Terry turned, excited to see his absent wife. They hugged, virtually, their feedback sensors warming as they did.
“What happened to brunch?”
“Nothing, I was just watching some hyper-squash while I waited,” Terry explained. “I'm already there.”
* * *
Terry was wearing his AR glasses, enabling him to enjoy his wife's holographic presence and his food at the same time. From Laya's perspective, she was sitting in Al Pancho's digital twin and looking at the digital twin of her husband.

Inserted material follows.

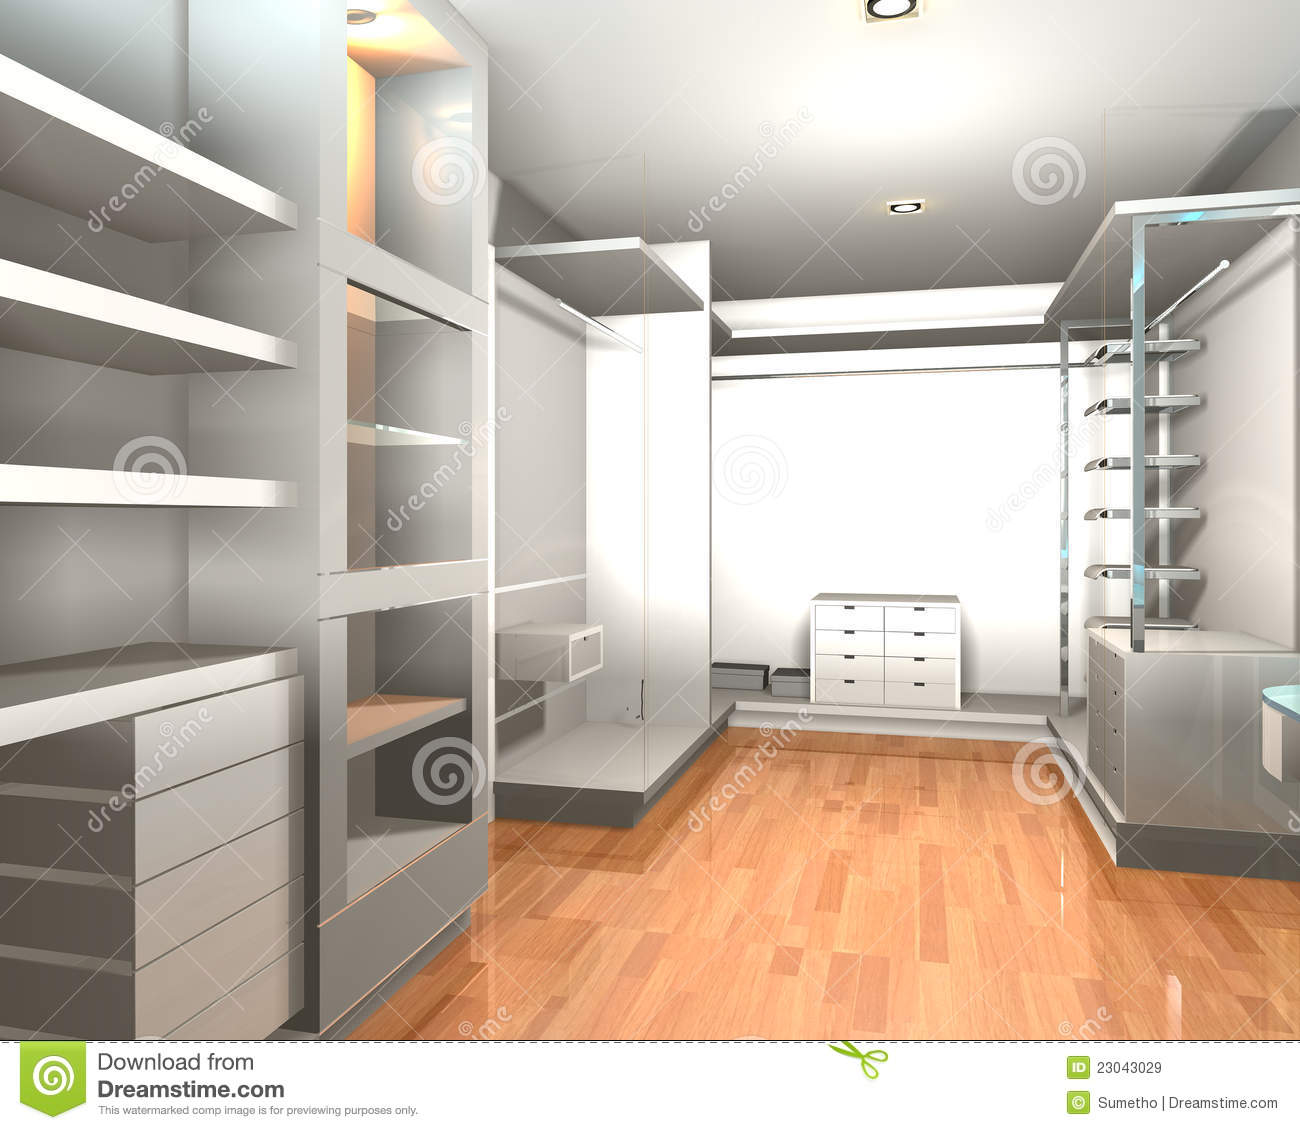 Interior Modern Room For Walk In Closet With Shelves And White Wall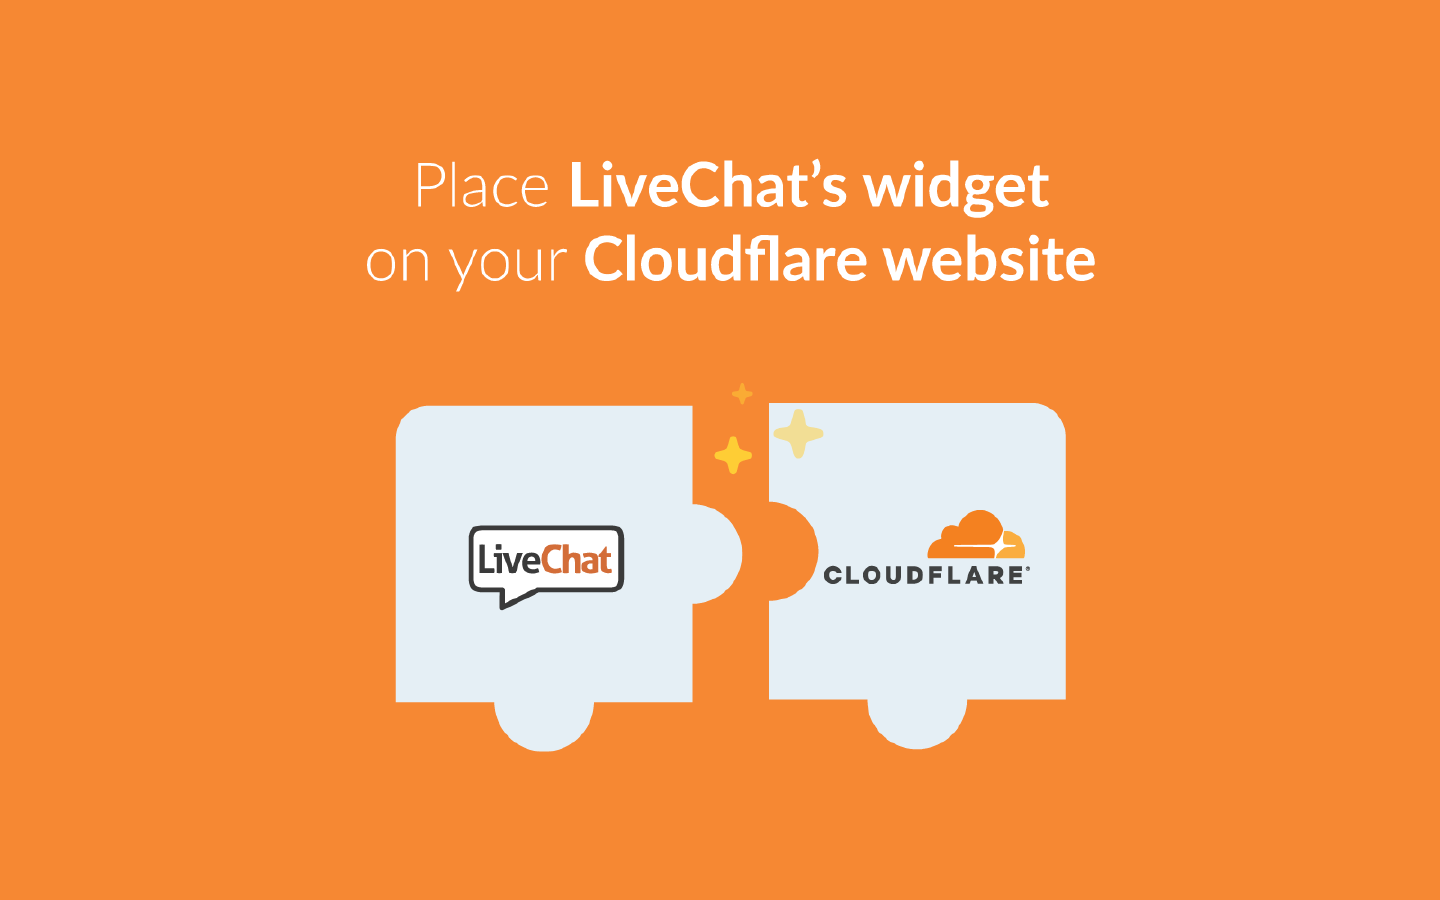 LiveChat's integration for Cloudflare

Al Pancho's was one of many holo-restaurants that now called the mall their home. These establishments were designed with both the physical and digital guest in mind, letting friends, family, and lovers share meals while sitting in restaurants separated by hundreds of miles. Laya ate a brunch prepared by her kitchen staff, Terry from Al Pancho's.
Once they'd finished, Laya waved her holographic hand over a physical card machine, held by a waiter wearing a pair of Al Pancho–branded AR glasses, who then handed Terry a physical receipt.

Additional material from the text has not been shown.